Plots of bias-SD trade-off (over 10 test examples, each with 20 different noise realisations) for the separated single-tracer activity images using different methods for frame 14 (row 1), frame 24 (row 2), and the whole activity image sequences (row 3) for FDG and MET, respectively

Similar results were found in the later time frame, where v-MTCM+FWHM (3 mm) and the DL-based methods achieved much lower SD compared to v-MTCM and IS-F4D (see Fig. 6(row 2)). The bias level of the CED is similar for MET and improved for FDG, compared to those of the v-MTCM method. Although the proposed method further reduced the bias compared to the CED, it is still higher than that of v-STCM. This indicates that the separation task remains challenging for our proposed method in the later time frames (relatively high-count compared to the early time frame), especially given that only 80 data examples were used for network training.
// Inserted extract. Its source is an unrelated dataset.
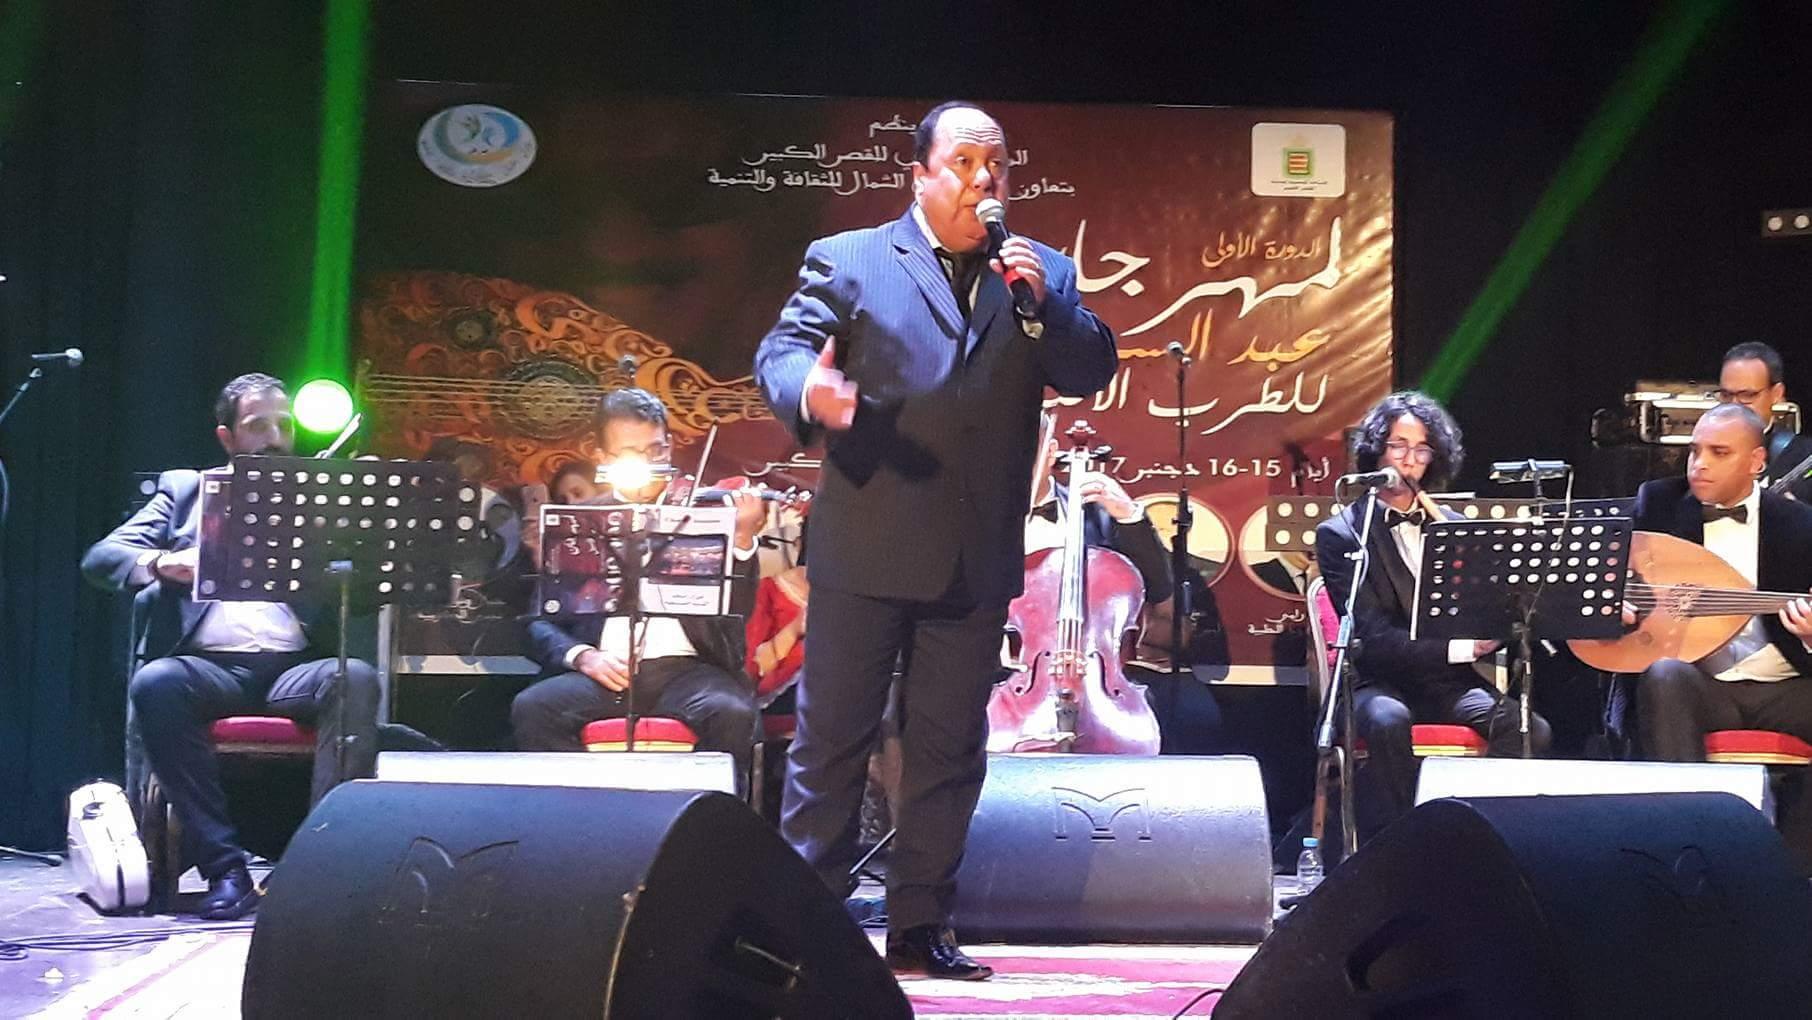 مهرجان عبد السلام عامر للطرب الاصيل يسدل الستار بفقرات طربية وترفيهية

The overall separation performance of the single-tracer activity image sequences is shown in Fig. 6(row 3), where it again shows that the DL-based method achieved much lower SD compared to the model-based methods. The proposed deep network outperformed the CED by further reducing the bias and SD values. On average, the proposed method achieved a similar bias level and lower SD for both FDG and MET, compared to those that would be obtained with single-tracer data using v-STCM.

Impact of the number of training examples

We retrained the pure data-driven CED and the proposed kinetic-model informed unrolled deep network using different sample sizes to assess the impact of the number of training examples for dual-tracer [\(^{18}\)F]FDG+[\(^{11}\)C]MET PET image separation. Figure 7 shows that the NRMSE values of the separated single-tracer activity image sequences decrease as the number of training examples increases (from 8 to 80) for both the CED and the proposed kinetic model-informed deep network. On average, the CED dual-tracer separation using 80 training examples achieved \({\sim }18\%\) and \({\sim }17\%\) NRMSE for FDG and MET, respectively. Compared to the CED, the proposed deep network reduced the NRMSE values by \({\sim }8\%\) and \({\sim }7\%\) using 80 training examples. When fewer training examples are considered, the proposed deep network still achieves lower NRMSE compared to the pure data-driven CED. This indicates that incorporating the kinetic model into the unrolled deep network forms a stronger inductive prior, leading to a better separation performance with less training data.

Fig. 7
figure 7

NRMSE of the separated single-tracer activity image sequences (over 10 test examples, each with 20 different noise realisations) using the pure data-driven CED and the proposed kinetic model-informed unrolled deep network with different number of training examples

Parametric map estimation

Parametric imaging was also performed for the separated single-tracer activity images. We note that v-MTCM, by definition, directly estimates the parametric images of each tracer in the separation process, eliminating the need for post-estimation. To have a fair comparison, the v-STCM method was used to estimate the parametric maps from the separated single-tracer activity images. For v-MTCM+FWHM (3 mm), post-smoothing was applied to the separated images after v-MTCM. Therefore, the parametric images for each tracer were re-estimated by applying v-STCM to the separated post-smooth images. The parametric maps recovered from the single-tracer noise-free MLEM were used as reference images.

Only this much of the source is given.